Upon comparing the homicide statistics of the United States of America and the United Kingdom of Great Britain and Northern Ireland, one might be tempted to believe that restrictions on firearm possession reduce crime. However, this is not the case, as statistics always require explanation in order to be meaningful. In the years before the United Kingdom instituted their heavy restrictions, there was a much lower crime rate across the board. However, since then, violent crime in the United Kingdom has increased drastically, although homicides haven’t quite caught up to the United States yet, with the exception of Northern Ireland, which also has proportionally more homicides committed with firearms than the United States.
Particularly alarming is the burglary rate of the United Kingdom. Over the past twenty years, burglary has skyrocketed in the UK, becoming one of the highest in the First World. Burglary is defined as forcibly entering another’s property for the purpose of theft contrasting with home invasion where the intention is violence. When compared to the United States, the burglar’s modus operandi is also much bolder. Convicted burglars in US prisons have been interviewed in studies where they explain why they don’t usually intentionally enter houses that they know are occupied by saying things along the lines of “I could get shot if I do that,” while in the United Kingdom, one out of every three burglaries is committed while somebody is present. This suggests that the mere possibility that somebody with a firearm is in a house is a strong deterrent for burglars.

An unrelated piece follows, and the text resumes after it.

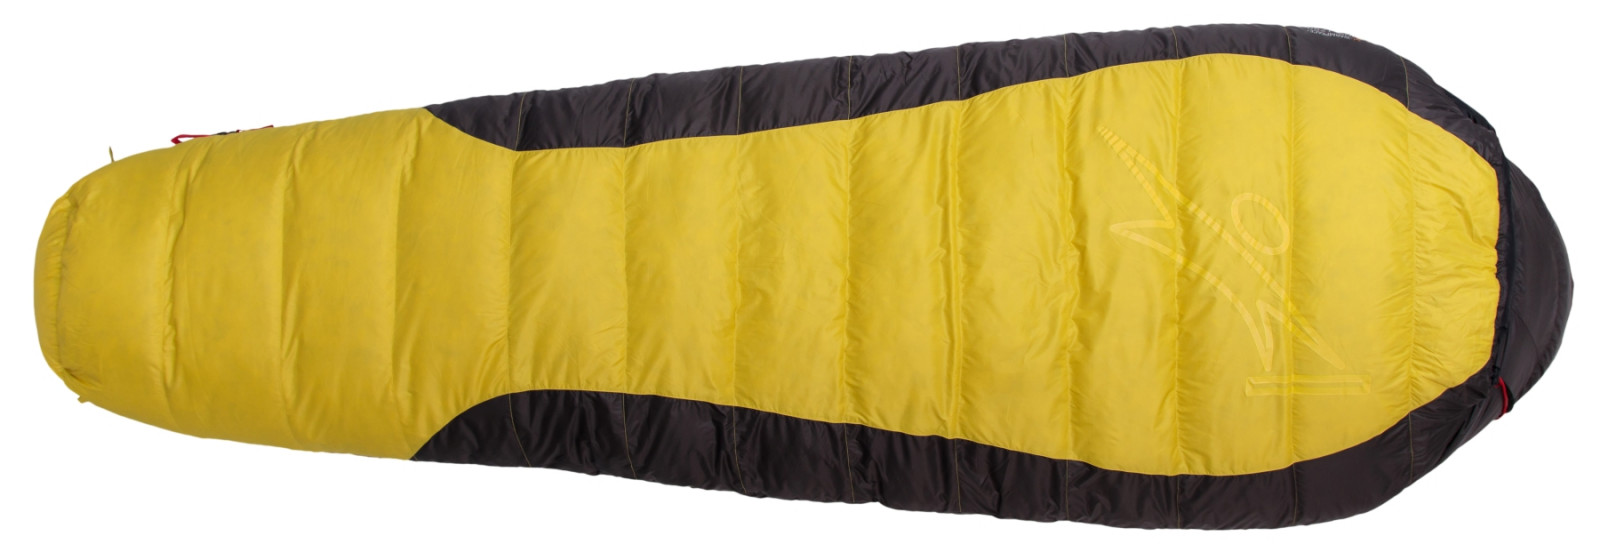 Spacák Warmpeace Viking 1200 170 Cm Wide Zip: Levý / Barva: žlutá/černá

The earlier mention of Northern Ireland also relates to another issue. One common argument in the United States is that lenient gun laws arm Mexican drug cartels. However, this is not the case. Mexican drug cartels, like the Irish Republican Army a few decades ago, primarily arm themselves through the international black market. It is cheaper and easier to purchase a crate of fully-automatic AK-47’s from a black market arms dealer and smuggle it in through Mexico’s vulnerable coastal or southern borders than it is to buy just as many semi-automatic AK-47 clones in the United States and attempt to smuggle them past one of the most secure borders in the world. This makes it obvious why the IRA decided to stop primarily arming themselves through connections in the Irish diaspora in the USA and start dealing with such unsavory characters as Gaddaffi, who would sell not only machine guns (which were and still are extremely hard to acquire in the USA), but also surface-to-air missiles for use against UK helicopters.